Road transport. The Court of Justice rules on the concept of “employer’s operational centre where the driver is normally based”

On 26 September 2024, the Court of Justice handed down its judgment in Case C‑164/23, VOLÁNBUSZ Zrt. v Bács-Kiskun Vármegyei Kormányhivatal, on the interpretation of Article 9(3) of Regulation (EC) No 561/2006. The request has been made in proceedings between VOLÁNBUSZ Zrt. (“Volánbusz”), a private limited public transport company in Hungary, and Bács-Kiskun Vármegyei Kormányhivatal (Bács-Kiskun County Government Offices) concerning the legality of a warning issued to that company for breach of the obligation to record the working time of the drivers that it employs.

Following several checks, the Bács-Kiskun County Government Offices found that, for 67 drivers employed by Volánbusz, the time spent, during March 2022, travelling from their place of residence to that company’s external depots and returning to them at the end of their shift should have been recorded as working time pursuant to the Hungarian Labour Code. After the Bács-Kiskun County Government Offices issued a warning, therefore, Volánbusz brought an action for annulment before the Szegedi Törvényszék (Szeged High Court; the “referring court”) which, in light of the need to interpret the relevant European legislation, decided to stay the proceedings and to ask to the Court of Justice whether Article 9(3) of Regulation No 561/2006 must be interpreted as meaning that the concept of “employer’s operational centre where the driver is normally based” set out in that provision covers a place, such as an external depot for vehicles falling within the scope of that regulation, from which the driver concerned usually carries out his or her shift and to which he or she returns at the end of that shift, in the normal exercise of his or her functions and without specific instructions from his or her employer in that regard. The referring court also asked whether, on the one hand, the presence of sanitary facilities or social or rest areas and, on the other hand, the geographical proximity of that place to the place of residence of that driver are relevant for that purpose.

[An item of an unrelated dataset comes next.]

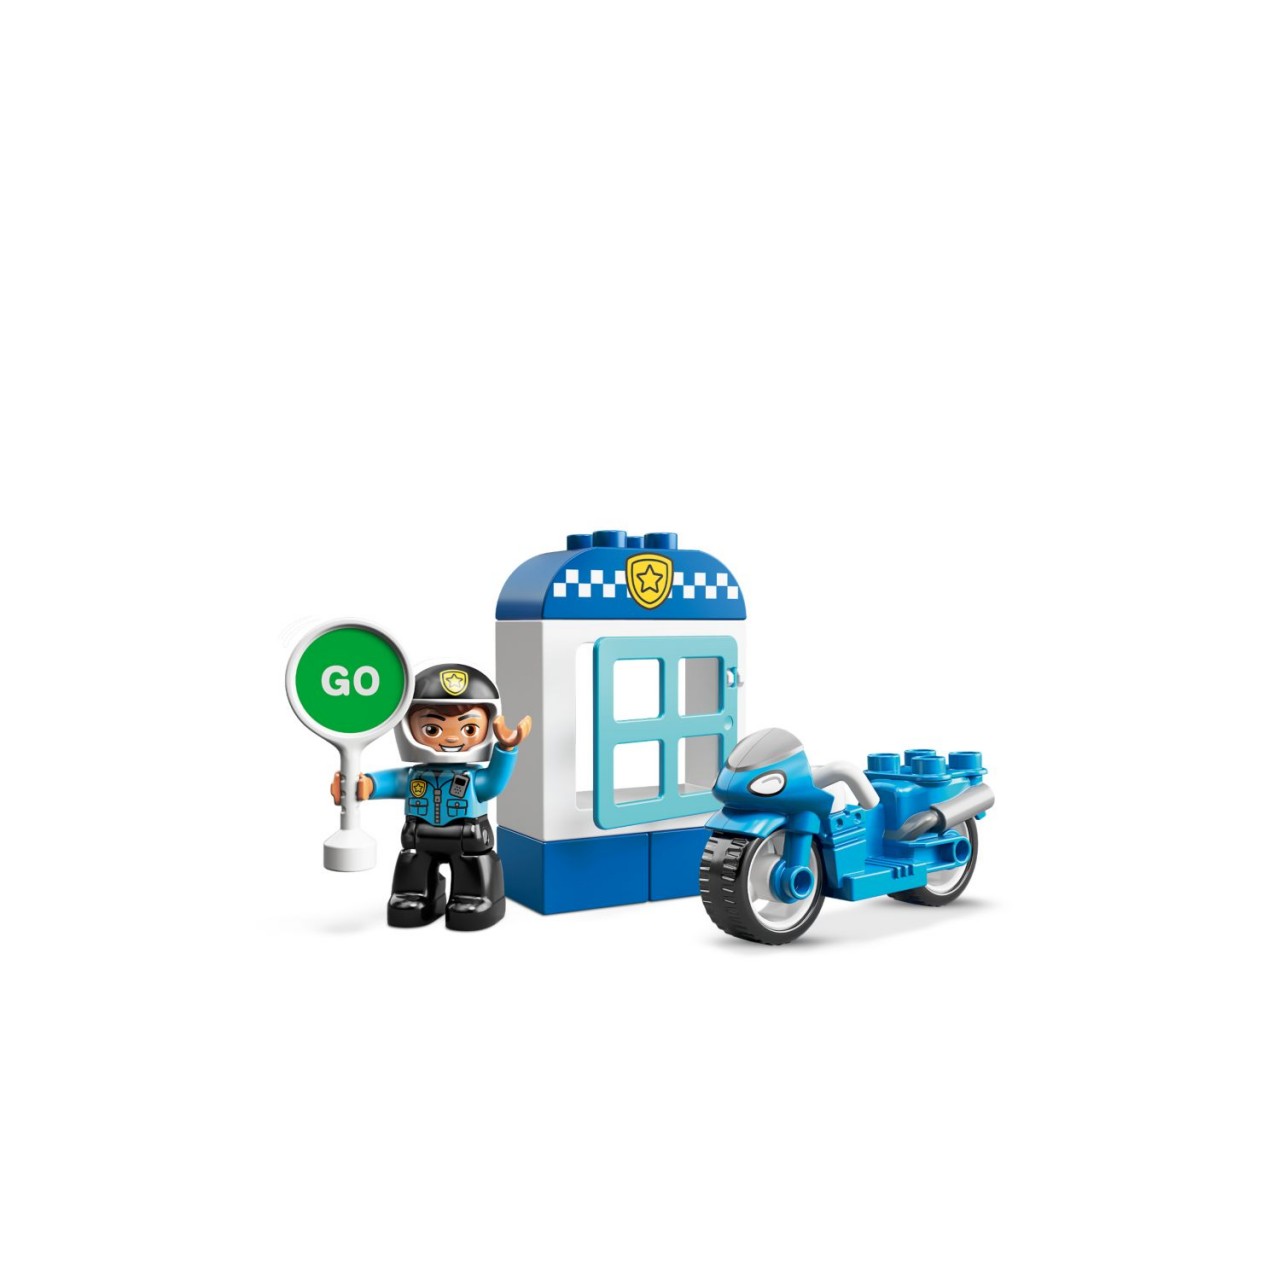 LEGO DUPLO 10900 Polizeimotorrad

According to the Court, Article 9(3) of Regulation No 561/2006 does not establish any requirement concerning the presence, at the “employer’s operational centre where the driver is normally based”, of certain facilities such as sanitary facilities or social or rest areas, nor does it require the operational centre being close to that driver’s place of residence. At the same time, it cannot be inferred from that wording whether the above-mentioned concept is the place from which that driver usually carries out his or her shift and to which he or she returns at the end of that shift, in the absence of specific instructions from his or her employer. In light of its origin and of the provision in which it appears, however, that concept corresponds to the “employer’s operating centre”, so that when a driver takes charge of a vehicle falling within the scope of Regulation No 561/2006 at a place which is the “employer’s operational centre where that driver is normally based”, any time that he or she spends driving a vehicle which does not fall within the scope of that regulation to travel to or from that operational centre cannot be classified as “other work” within the meaning of its Article 4(e).